THIS is an artistic statement from Leeds multi-media company A Quiet Word. "While we do use text, along with film and music, the word is only part of the material we use to tell a story. Hence the name of the company: the Word is there, but it's Quiet."

A quiet word in your ear, if I may: these two complementary pieces of film and live performance are suffused with words; words battering away at your head like a woodpecker on a tree; words delivered in enervated monotone by actress/artistic director Alison Andrews, as if we are in a therapy session.

In The Studio, much of the room is taken up with the screen and its gauze front, behind which Andrews is the sole live performer, integrating with sound, imagery and actors on screen.

This is a narrow performance strip, and her performance style is similarly narrow, minimalist to the max, lifting a glass here, lifting an eyebrow there.

Burnt Offerings & Bad Habits is a conversation piece, fought out against the not-so-quiet elements on a long walk over a windy heath.

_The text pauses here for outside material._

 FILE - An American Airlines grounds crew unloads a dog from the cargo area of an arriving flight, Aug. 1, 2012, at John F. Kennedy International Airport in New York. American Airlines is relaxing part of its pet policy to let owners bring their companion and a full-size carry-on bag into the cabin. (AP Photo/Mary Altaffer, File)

It could be a conversation between a director and an actress, perhaps a father and daughter, maybe King Lear and Cordelia.

The mood is sad, desperately sad, the actress reflecting on how she cannot choose the ending for her character.

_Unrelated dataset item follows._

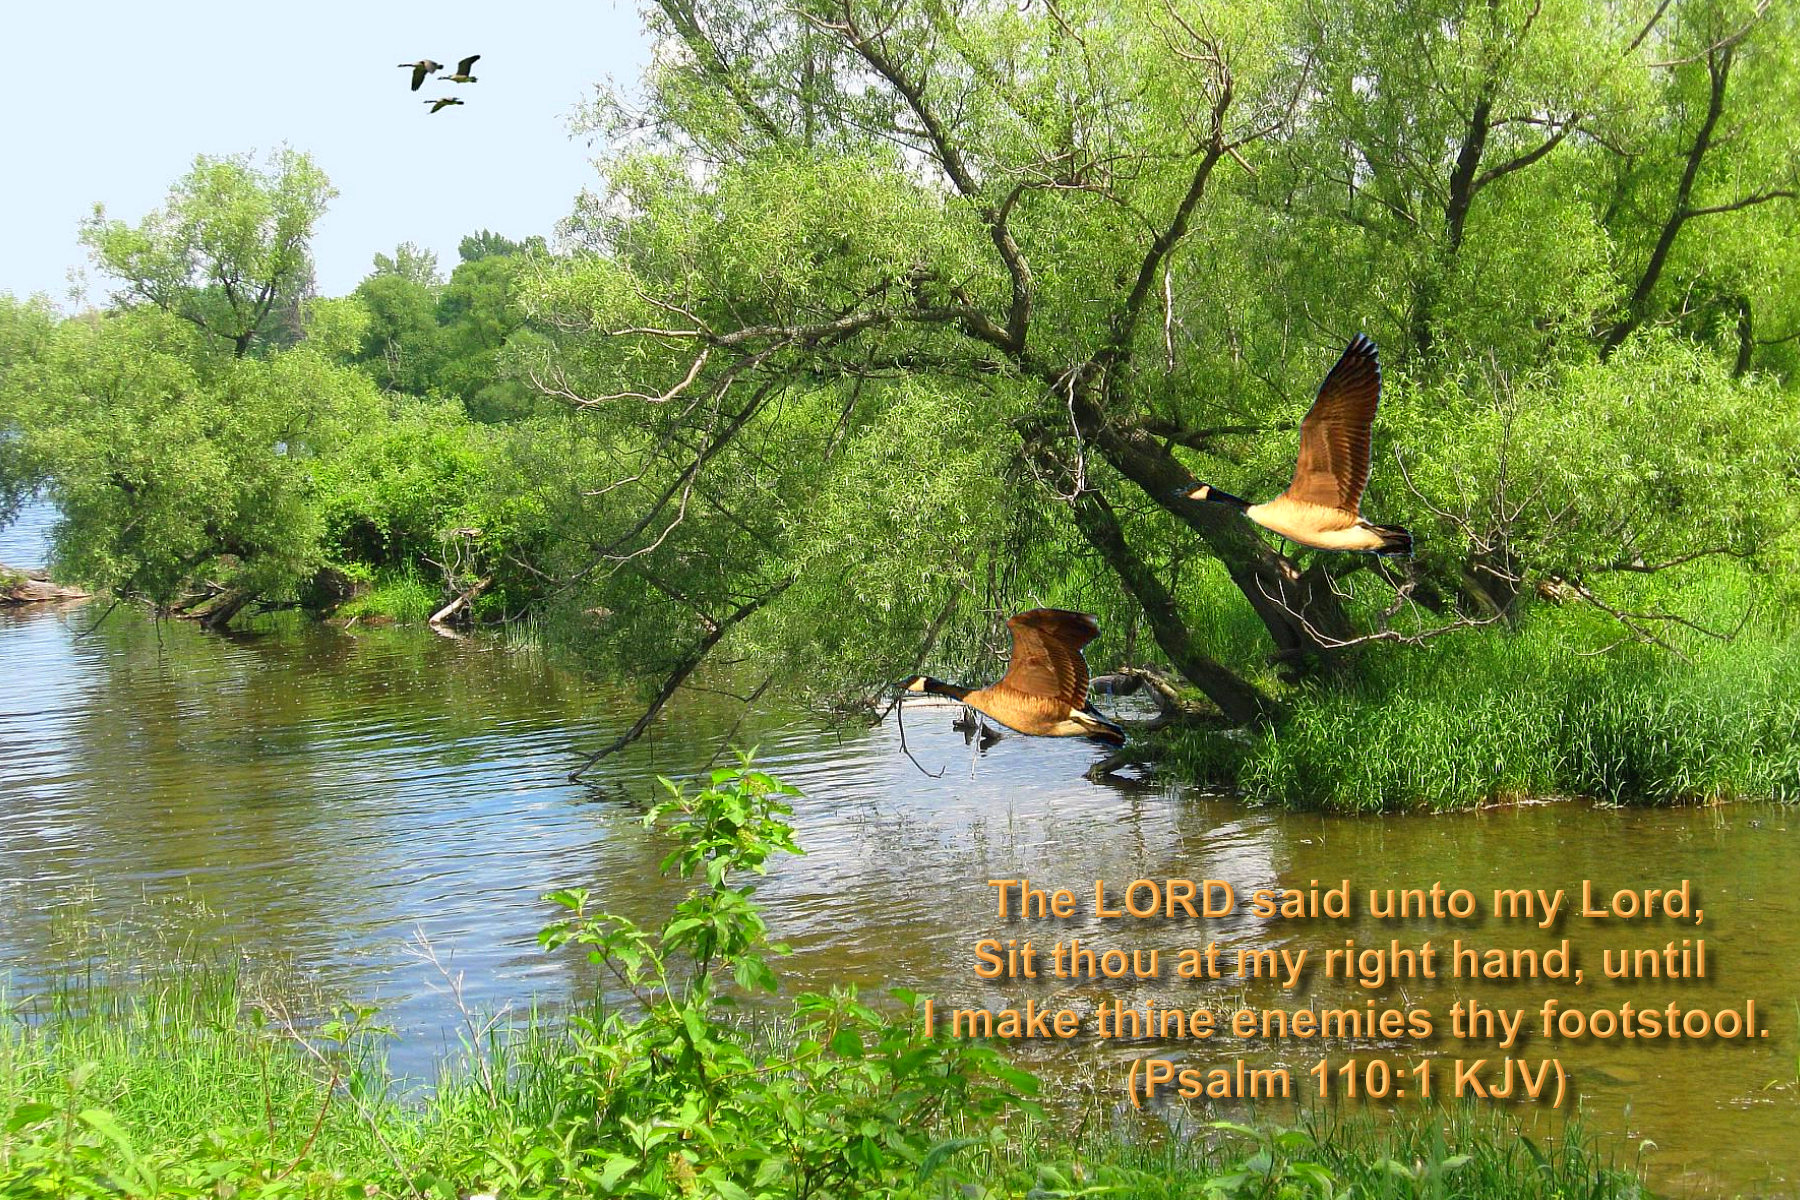 BIBLE VERSED WALLPAPER CLICK ON IMAGE TO SEE FULL SIZE, TO COPY AS WELL

What links it to Shift/Shaft is the need to tell stories to help us remember who we are. In the case of Shift/Shaft, a woman has lost her bank of memories and must try to piece her life back together.

Good luck to her, but I lost the will to live as the words piled up.

Burnt Offerings & Bad Habits, Shift/Shaft, presented by A Quiet Word, The Studio, York Theatre Royal, until April 9 (Box Office: 01904 623568).